Auditor-General given power to combat corruption

Deputy President Cyril Ramaphosa speaking about the SoNA at the New Age Business Briefing breakfast at Grandwest in Cape Town. 18/06/2014 Kopano Tlape GCIS

Officials of government and State-Owned Enterprises will now be held personally liable for public funds lost due to negligence.

They can also be referred to law enforcement agencies for criminal charges to be laid against them.

These are the powers that are given to the Auditor- General.

The Presidency can confirm that President Cyril Ramaphosa has signed the Public Audit Amendment Bill into Law.

The Bill was first passed in the National Assembly in May and subsequently in the NCOP in June. It has been with the President for about five months.

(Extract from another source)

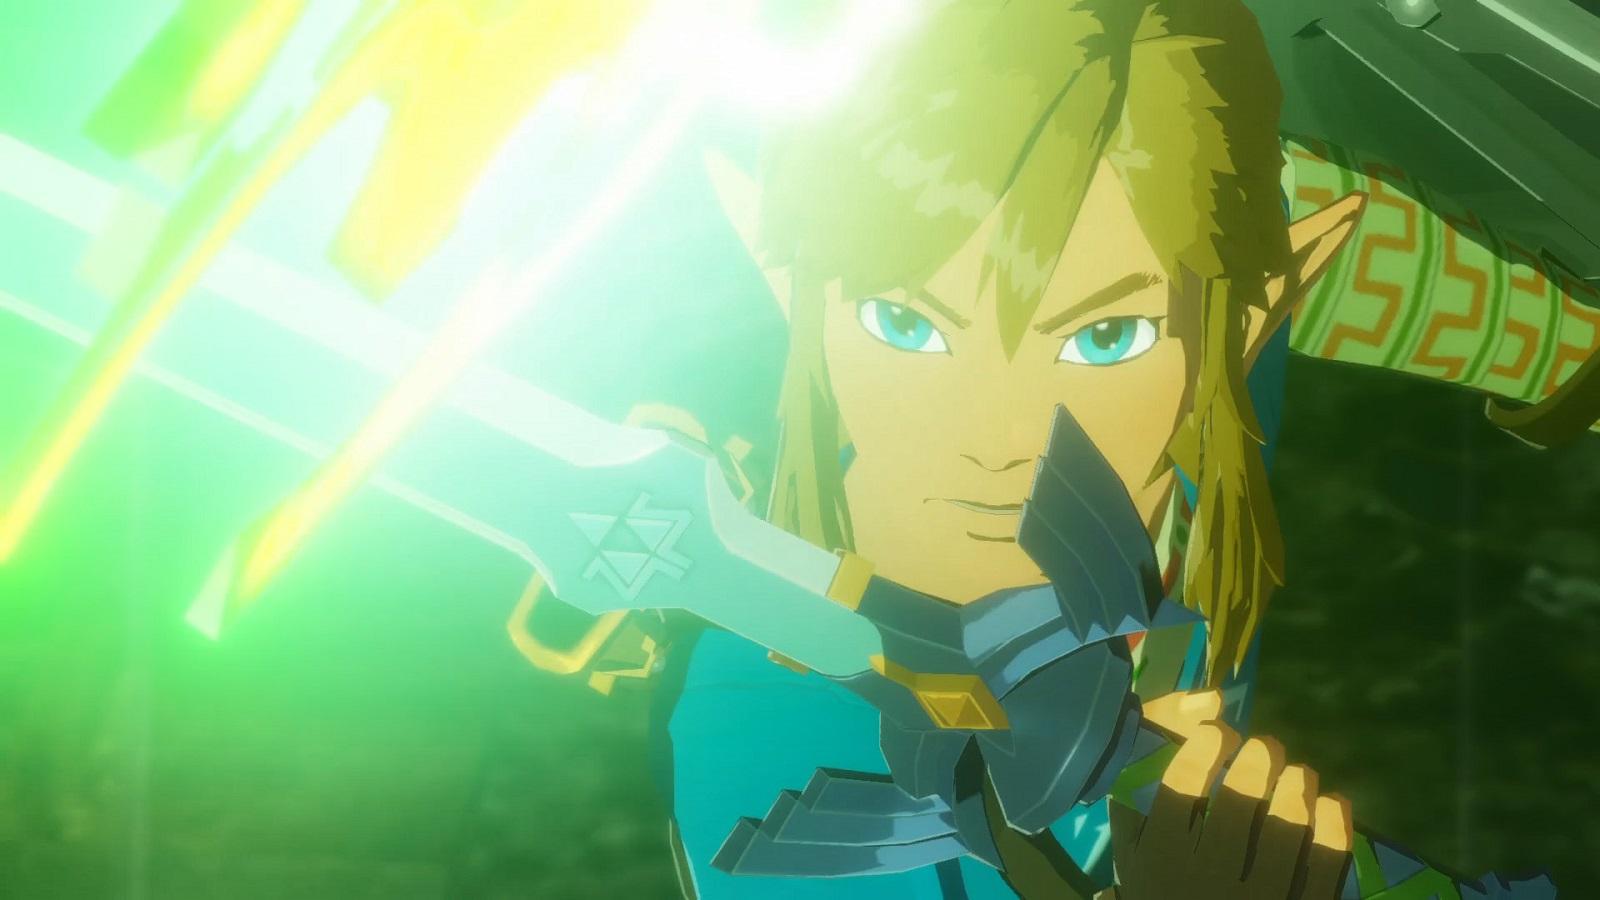 Koei Tecmo похвасталась объёмом отгрузок Hyrule Warriors: Age of Calamity и Nioh 2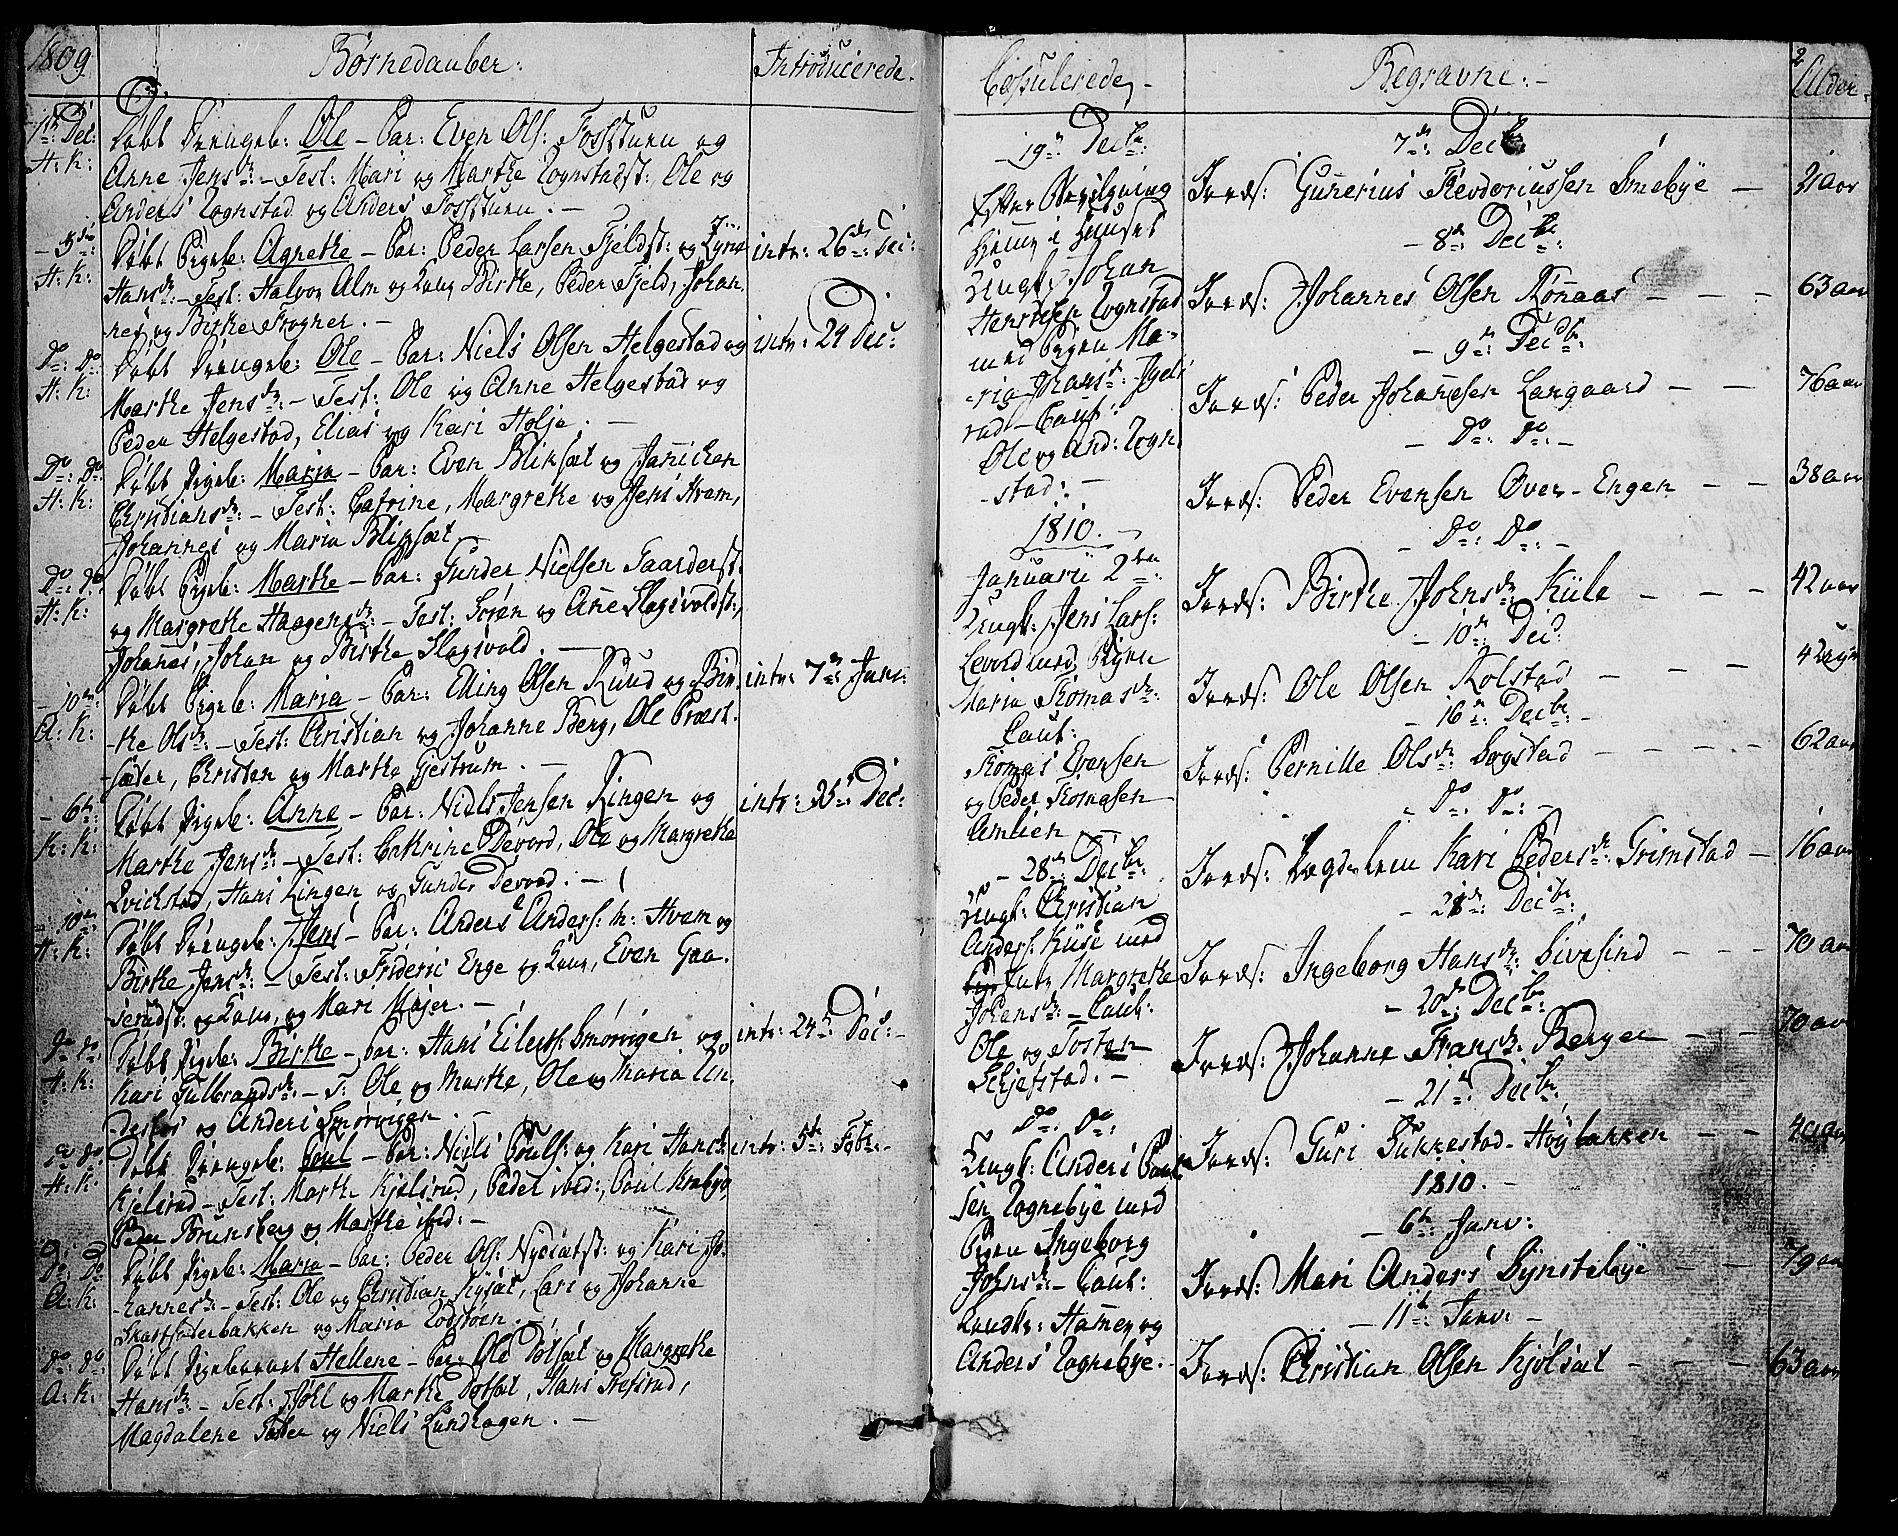 SAH, Toten prestekontor, Ministerialbok nr. 8, 1809-1814, s. 2

In the past, if the Auditor-General discovered corruption or irregularities due to negligence of officials while auditing the books of departments, municipalities and state owned entities, he would refer the matter to the executives to act but in many instances, action would not be taken.

Now that the bill has been signed into law, the Audit Amendment Act will among other thing give the Auditor-General the power to refer wrongdoing to the law enforcement agencies for criminal charges to be pursued against implicated officials.

He can also recover money from officials who were negligent with public funds, by issuing them with a certificate of debt to recover that money.